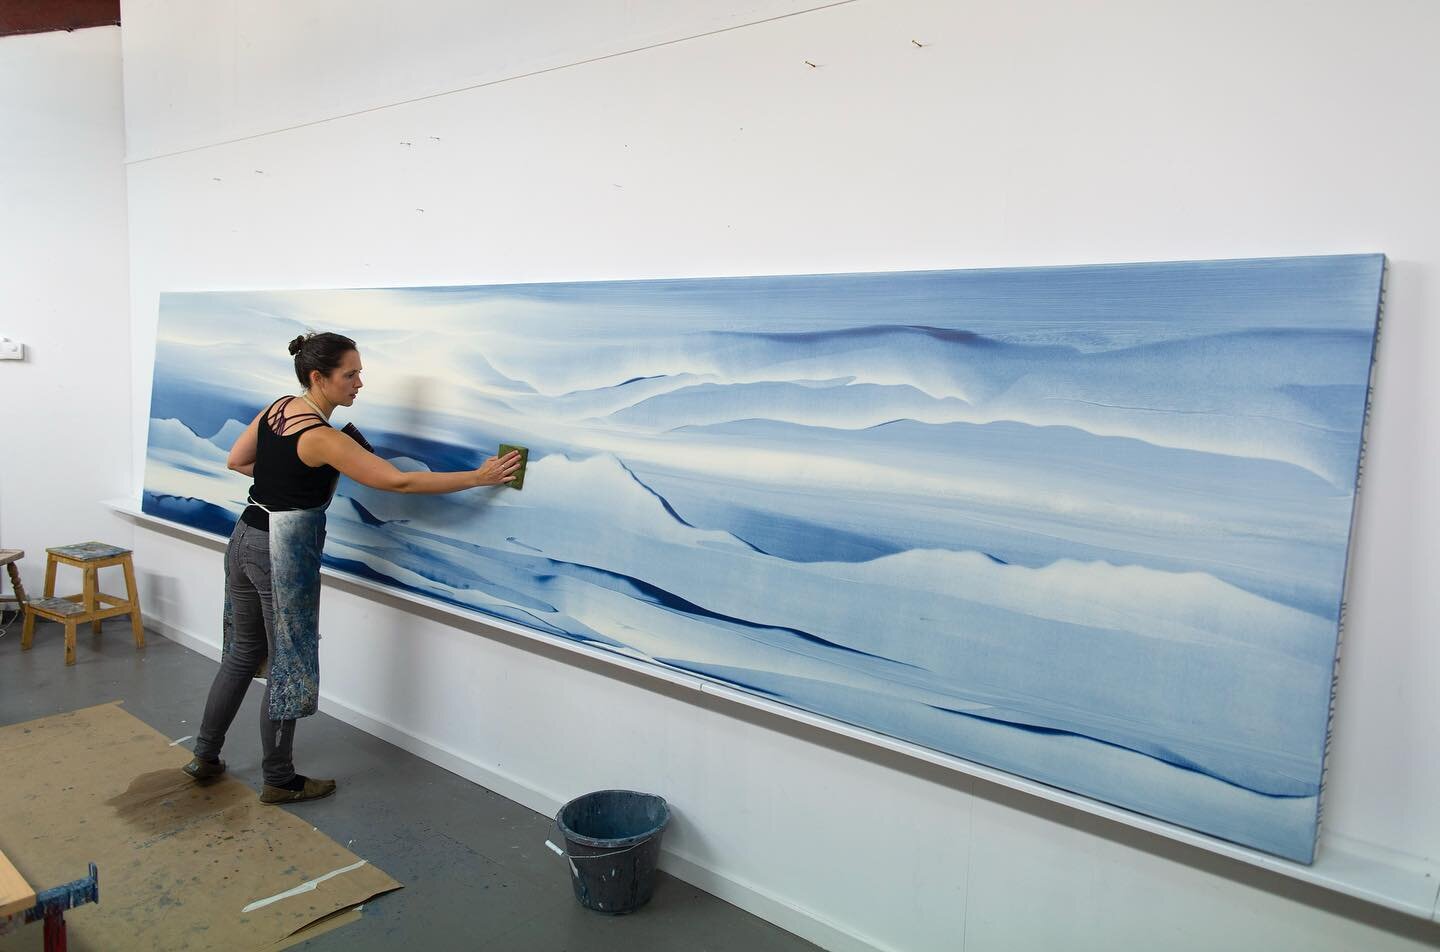 Putting on the finishing touches to my latest painting

&lsquo;Cloud break&rsquo; - 5.2 m x 1.1 m - acrylic on canvas

Available to buy in my Studio Sale Auction via @theauctioncollective 

Bidding closes 4pm (GMT) next Wednesday 9th February 

#stud

****************

Retype the data shown above exactly, excluding any picture it contains.

 Putting on the finishing touches to my latest painting

&lsquo;Cloud break&rsquo; - 5.2 m x 1.1 m - acrylic on canvas

Available to buy in my Studio Sale Auction via @theauctioncollective 

Bidding closes 4pm (GMT) next Wednesday 9th February 

#stud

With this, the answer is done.